Again, I am curious how outside air is perscribed in Europe. @Theo.Dubois, do you have thoughts on the subject?
I can not find anything (yet) oubout getting outside air from avove. But I would reckon the heater could easily mistake in and out this way and turrn around the draft.
Can’t you install the air supply in the floor?
Otherwise there’s, besides cracking a window for a short time, a possibility to get the air in through a narrow slot just below the ceiling. The cold air that enters the house then “sticks” to the ceiling and gets heated there without causing unpleasant drafts. Search for “coanda effect” for more info.
I know a Dutch architect (Rens Pijnenborgh) who uses this successfully in his designs for residential buildings.
There are different brands in Europe who produce electronic devices which manager air intake, smoke exhaust fan and central ventilation. (Ortner ABS, Hoxter HOS AU, Leda LEDATRONIC and LUC )
Hi Max,
You wrote:
Do I assume correctly that the systems being discussed (either central or room-specific) are connected to exhaust fans such as kitchen, bathroom and dryer vents so that when these appliances are switched on they bump up the supply of air (above the minimum for healthy air exchange) to accommodate for the increased exhaust?
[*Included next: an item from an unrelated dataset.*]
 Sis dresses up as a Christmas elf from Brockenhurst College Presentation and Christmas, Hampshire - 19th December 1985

No, not correctly, you are overthinking it. All fed-in air is blown into the living quarters and extracted in the wet spaces like kitchen, bathroom and toilet. Ideally, both ventilators are running at the same speed and in and out vents are the same number.
The ventilation unit is running at 25 or 30% of capacity continuously. It sports a Boost preset for a programmable period of time (say 20 minutes) that runs 100% of capacity. By functioning like this, there’s no kitchen fan, bathroom or dryer vents, the ventilation unit is all that and more.
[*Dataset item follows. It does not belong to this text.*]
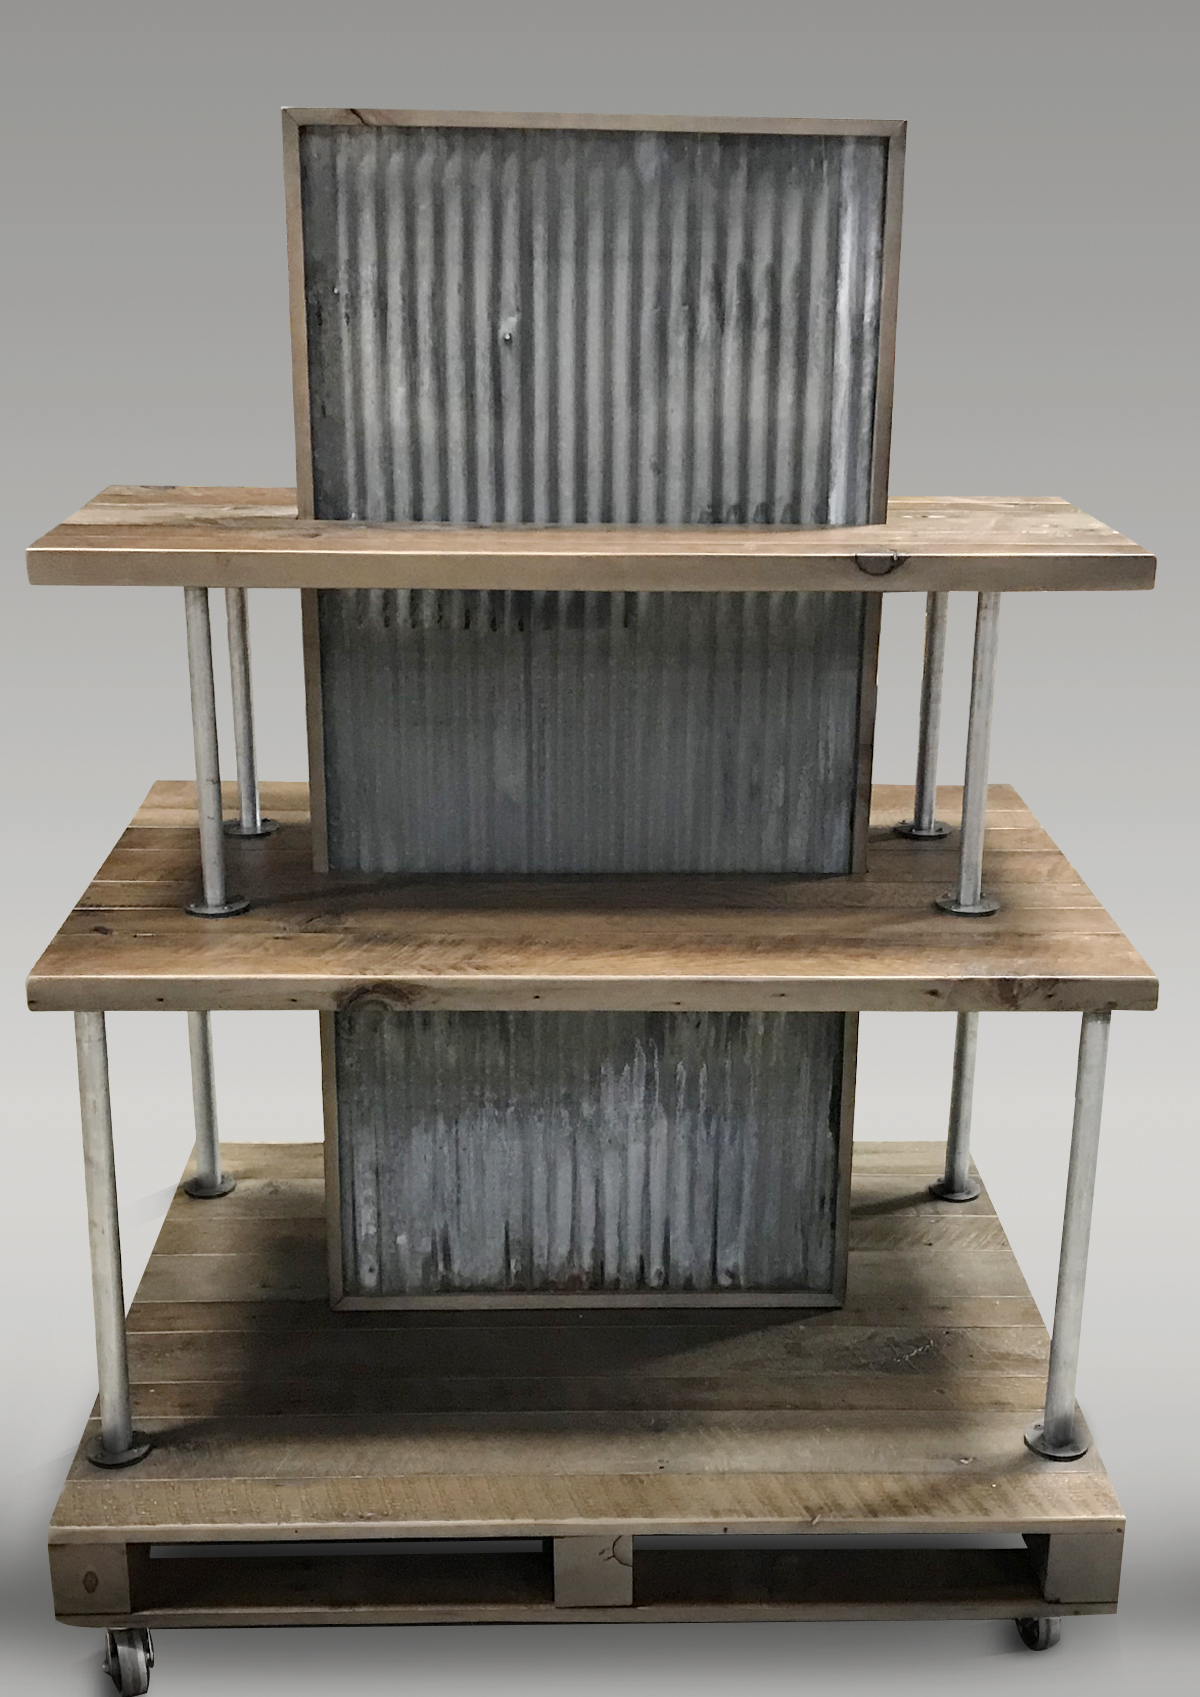 Reclaimed Wood and Galvanized Metal Clothing Display

In order to save most of the heat (92%) that is produced in-house, all air exhausting is done through the heat exchanger. There are large filters in the unit itself and in the vent grids that extract air. All those need to be replaced regularly. The unit itself is signalling also when it’s time to change the filters out.
The house is ventilated continuously without opening even a window. Now you might think: and in summer? There’s a summer bypass, which opens automatically in case it’s outside warmer than inside. In part of our summer that won’t be enough, so we also employ a way of night cooling. With a window in the bedroom and another one higher in the house, opened in such a way the bedroom window is facing the wind direction. Warm air is exhausted through the upper window in this way.
Our mass heater is incorporated as I mentioned in such a way that there’s no cold draft at all.
Of course we need to flick the switch of the unit ourselves and switch it off when the heater’s air inlet is closed. A couple of times per winter we tend to forget to do so. The heater is getting up to speed in about 5 to 10 minutes, unless the switch hasn’t been flicked. The fire will come up very, very slow in that case, or eventually smoke enters the room.
regards, Peter
Thanks for all the responses. In response to bath and dyer venting; our bathroom vents are self-contained units with a heat exchange and pulls in outside air while venting inside air, and we have a heat-pump dyer that doesn’t need venting.
My preference is to find a masonry stove design that will incorporate using outside air. One suggestion I got was to just have the outside air installed close to the air input for the stove and not attached. I’m just not crazy about having -20 C air coming directly into the house. Although feeding -20 C air directly into the fire box may not be a good idea either.
I’ve also been looking at the new breed of air-tight cook stoves that draw outside air. If I don’t find a masonry design that works for me I may go that route.